However, I think it both cases it boils down to the same thing – a fear that the object of affections will leave you- whether it be for another person or because they outgrow you, doesn’t make that much difference.

Which Both Have The Potential To Be Destructive

Jealousy, like many things, is a normal human emotion however I think if you don’t nip it in the bud it has the potential to get out of hand. Obviously, seeing your partner getting hit on by some floozy isn’t the nicest of experiences. But its one thing if you guys roll your eyes at one another and go home and laugh about it later and another if you call her a ho, throw a drink in her face and make a scene about it (or as was the case with one of my exes punch a guy in the face in front of his wife and kids because he was making pervy eyes at your chick). And that isn’t as bad as it can get. How about when jealousy leads to paranoia and you start blaming your boy/girlfriend for the issue?
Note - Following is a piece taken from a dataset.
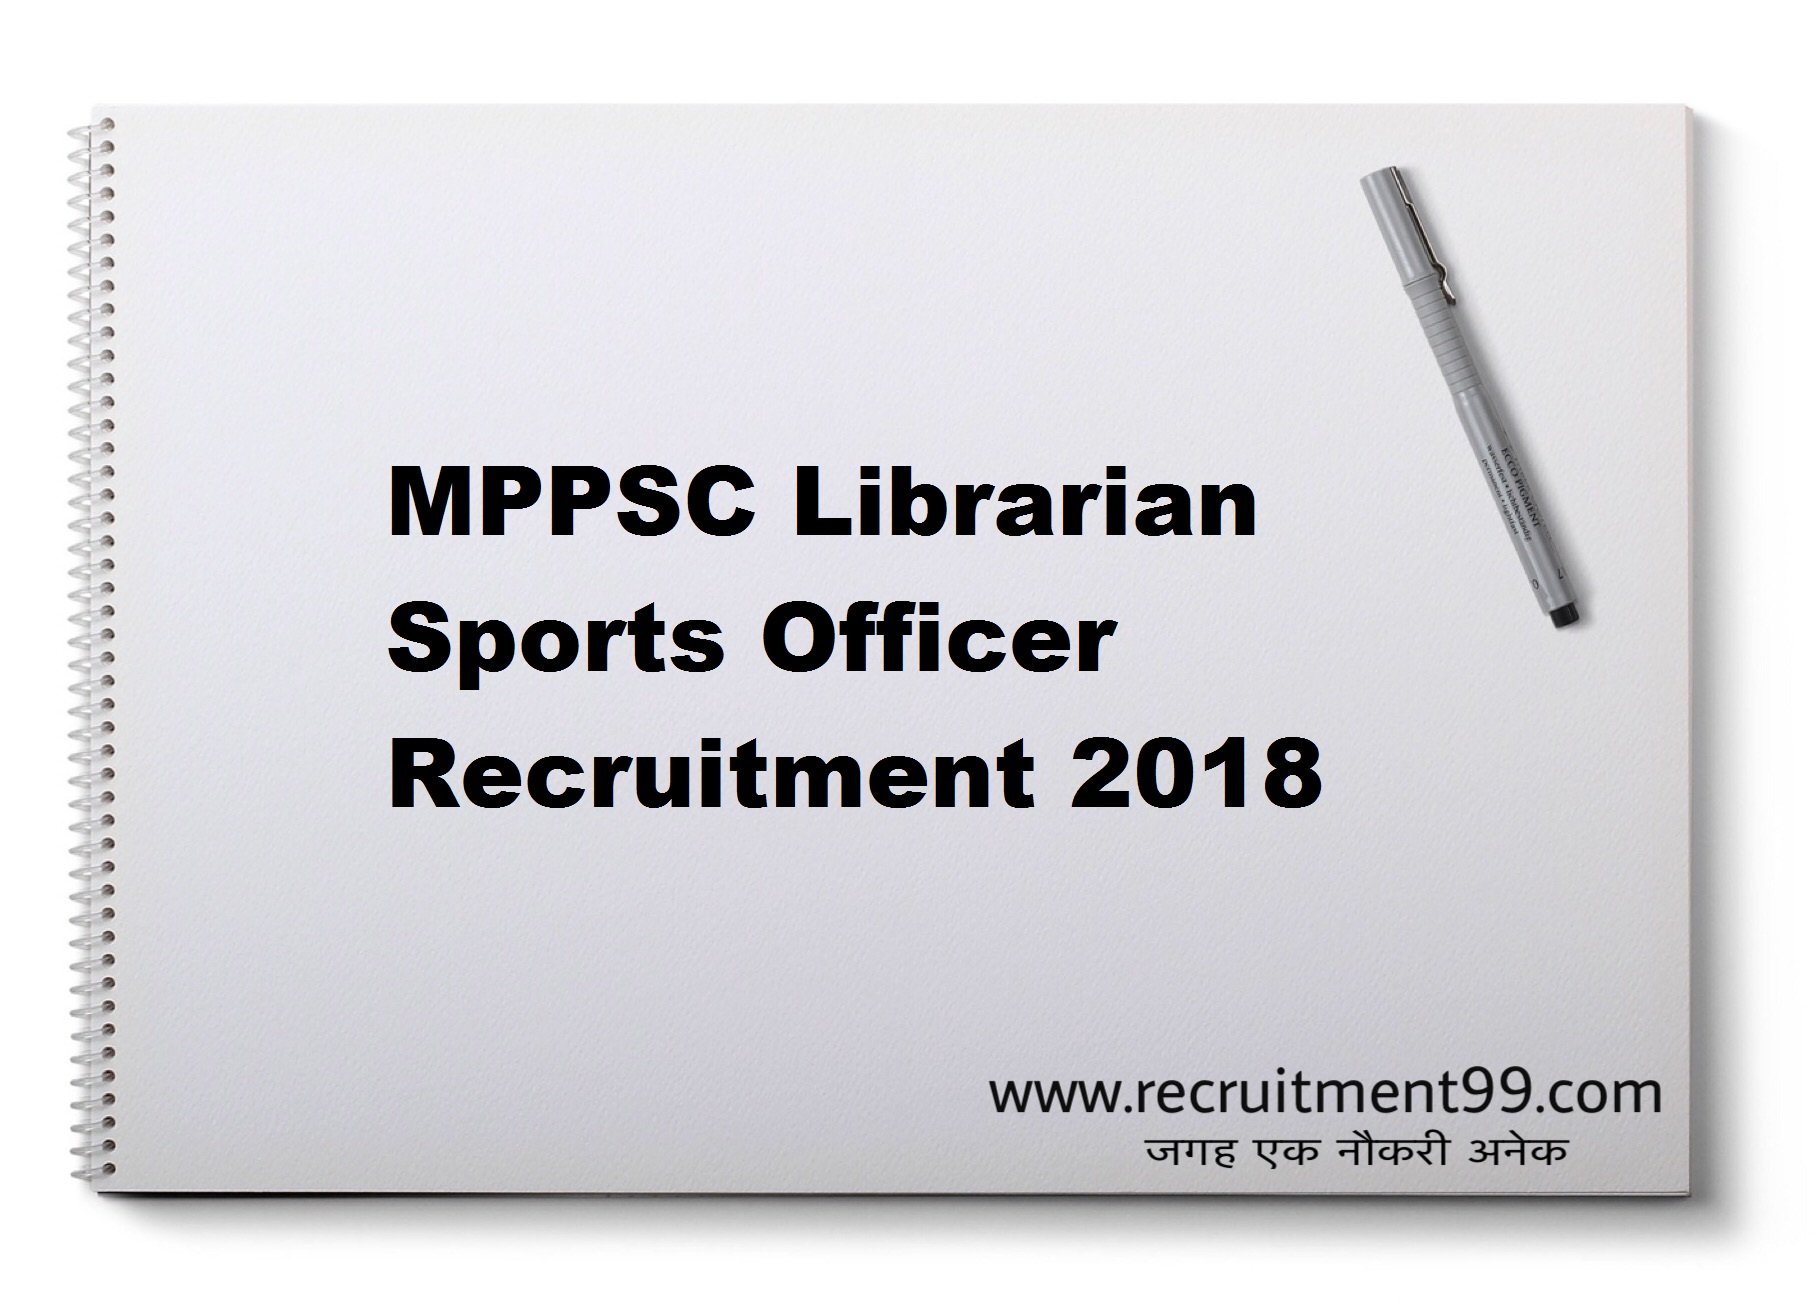 MPPSC Librarian Sports Officer Recruitment Admit Card Result 2018

Relationships should have a positive influence in your life. If you are in a healthy relationship, surely you should want to see the other one go. Of course, you’ll miss them if they have to spend a year abroad for a job but its important to remember life doesn’t just revolve around you.  It’s OK to feel sad but if one person starts laying down ultimatums or preventing the other from pursuing things that could better their life – then this doesn’t bode well for the future of the whole relationship really.

So Can Jealousy Ever Be A Good Thing?

Generally, I’d would say a straight up no. However, it is just an emotion and its how much we indulge the feeling. I don’t think its that jealousy is an intrinsically attractive quality at all. But if the green monster does rear its ugly head from time to time, its not necessarily the end of the world. Trust is built over time and sometimes its flattering to see someone get a little possessive (or is that just me?). It’s also good to be kept on your toes in a relationship – we shouldn’t ever become to complacent or too comfortable to such a point where we let ourselves go. Whether we like it or not, ‘love’ is a free market and everyone has options so we should work at keeping things interesting. I think pangs of jealousy are fine, as long as you are able to reason things out in your mind and figure out some way to do whats best for both parties concerned.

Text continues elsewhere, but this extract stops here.